Ford expects to sell 14.7 million units of cars in North America for the full year. The earlier guidance was between 14.5 million and 15 million units. Excluding the Ford Credit, the company's cash holdings increased from $20.8 billion to $24.1 billion in the last 4 quarters. Similarly, the company's debt increased from $12.7 billion to $14.2 billion. The company's net cash excluding debt increased from $8.1 billion to $9.9 billion in the same period.
Overall, the company's results were not as bad as feared. The troubles in Europe were already baked-in the share price of the company a long time ago. After all, Ford is not the only car company posting operating loss in the continent and the company can easily make up for the loss by posting strong profits elsewhere. It looks like the company will continue to post strong results in North America as long as it doesn't see any supply issues or production disruptions.

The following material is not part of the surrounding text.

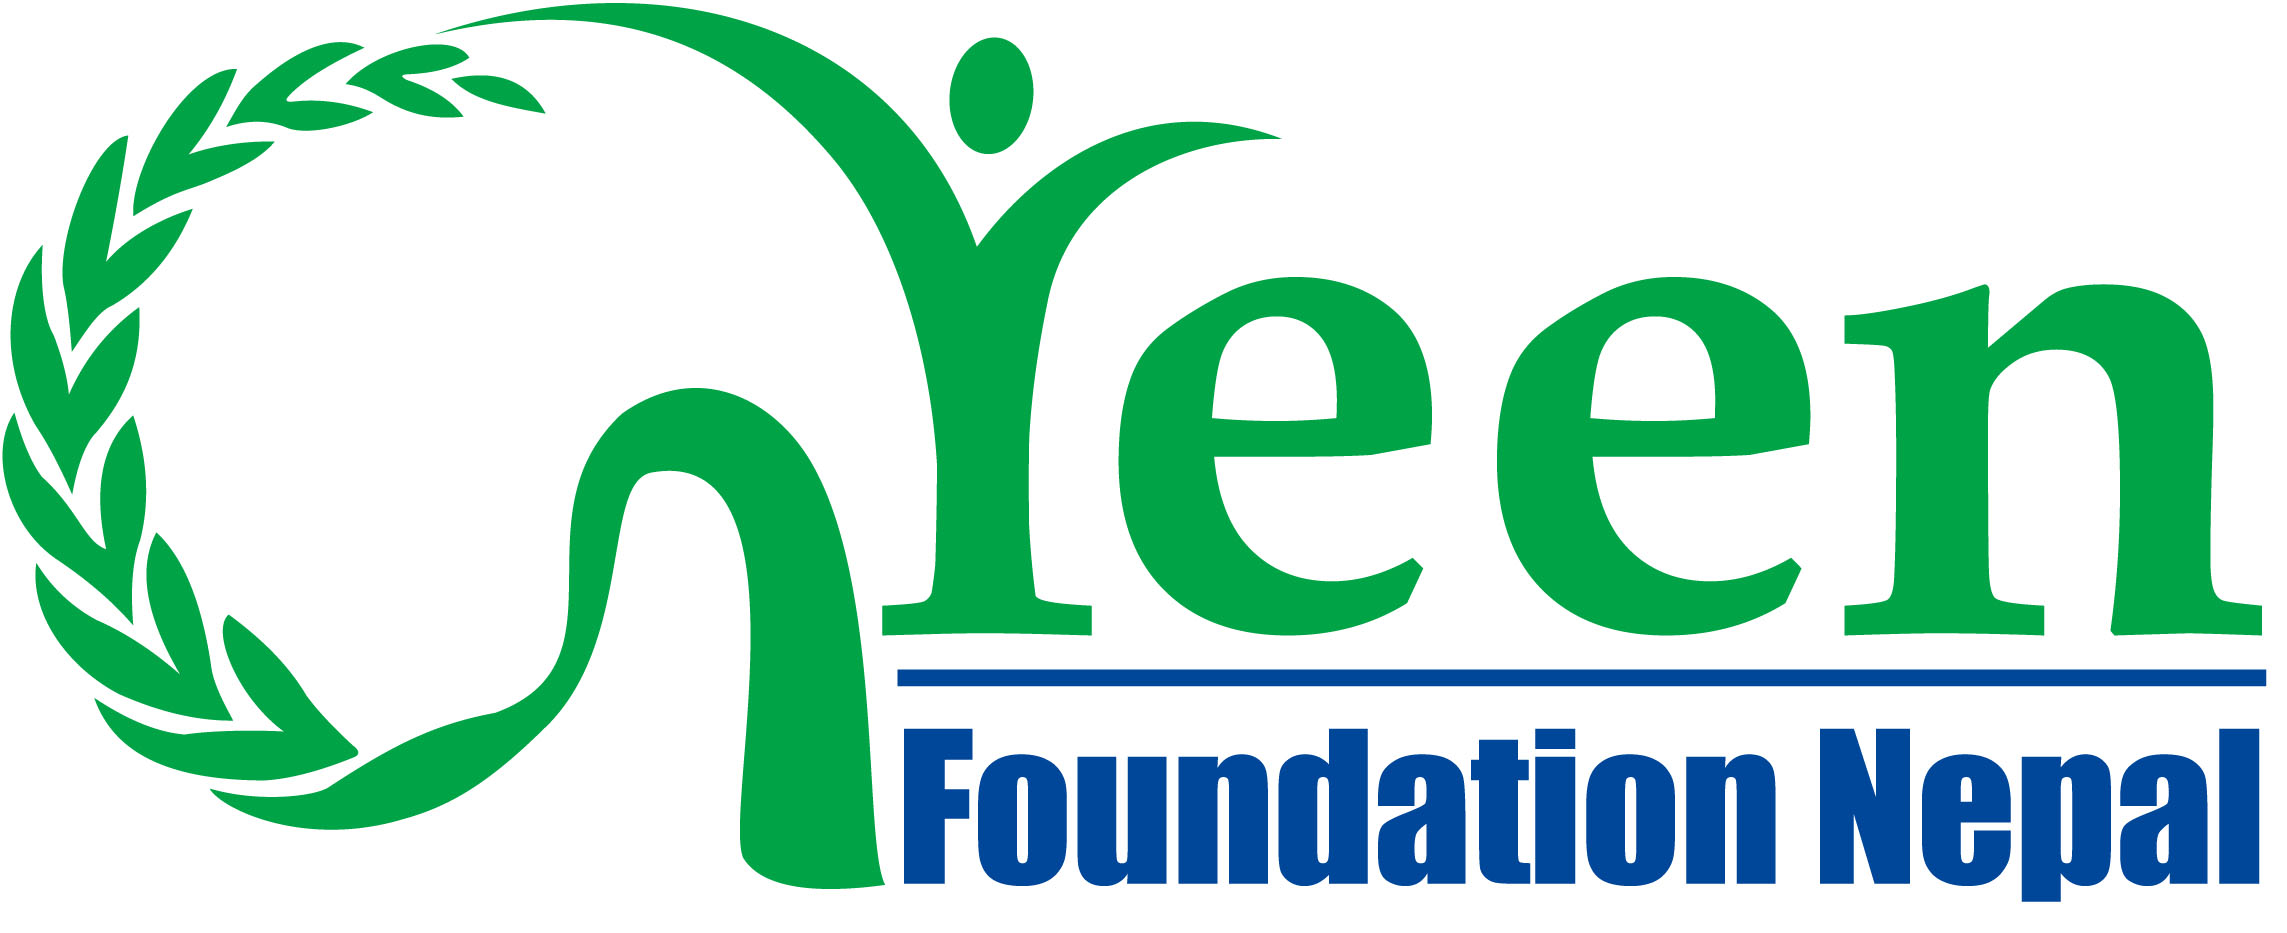 Green Foundation Nepal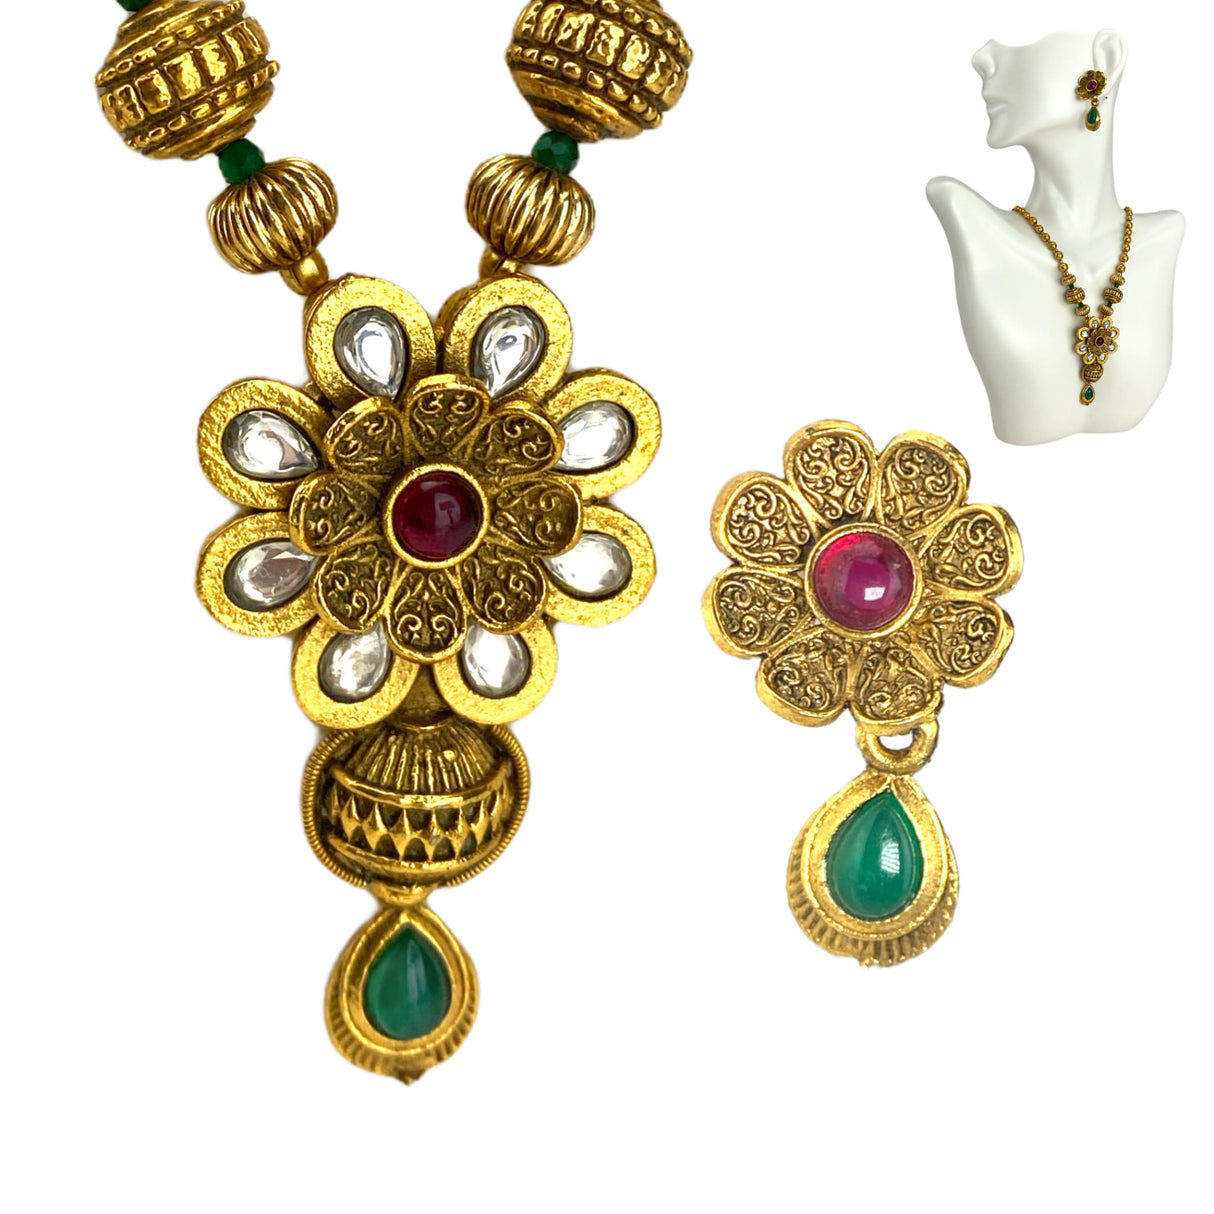 South indian and pakistan pendant jewelry set – matte

The analysts expect Ford to earn $1.26 this year, $1.44 next year and $1.77 in the year after. Since Ford beat last quarter's earnings estimates by a margin of 30%, I am sure that a number of analysts will raise their estimates for the next few quarters. I expect the company to beat the analyst estimates slightly an achieve $1.30-1.35 for the full year, which would indicate that Ford's fair value is between $13 and $15 depending on whether one wants to exclude the company's cash holdings in the estimates or not. Many times, when people look at Ford's balance sheet, they include Ford Credit's debt in calculations, which is mostly debt of people who purchase Ford cars through Ford Credit. Assuming that all that debt belongs to Ford is like assuming that none of the people who took credit to purchase a car will actually pay off their debt. As I mentioned before, Ford credit is actually profitable, which means that a great majority of the people are able to pay their debt off on time. If a significant number of people were delinquent on their debt, Ford Credit would post loss. This is why I don't like including Ford Credit's debt in calculations of Ford's fair value.
Once the European operations return to profitability in a few years, the company's share price can easily jump above $20 per share.
Disclosure: I am long F. I wrote this article myself, and it expresses my own opinions. I am not receiving compensation for it (other than from Seeking Alpha). I have no business relationship with any company whose stock is mentioned in this article.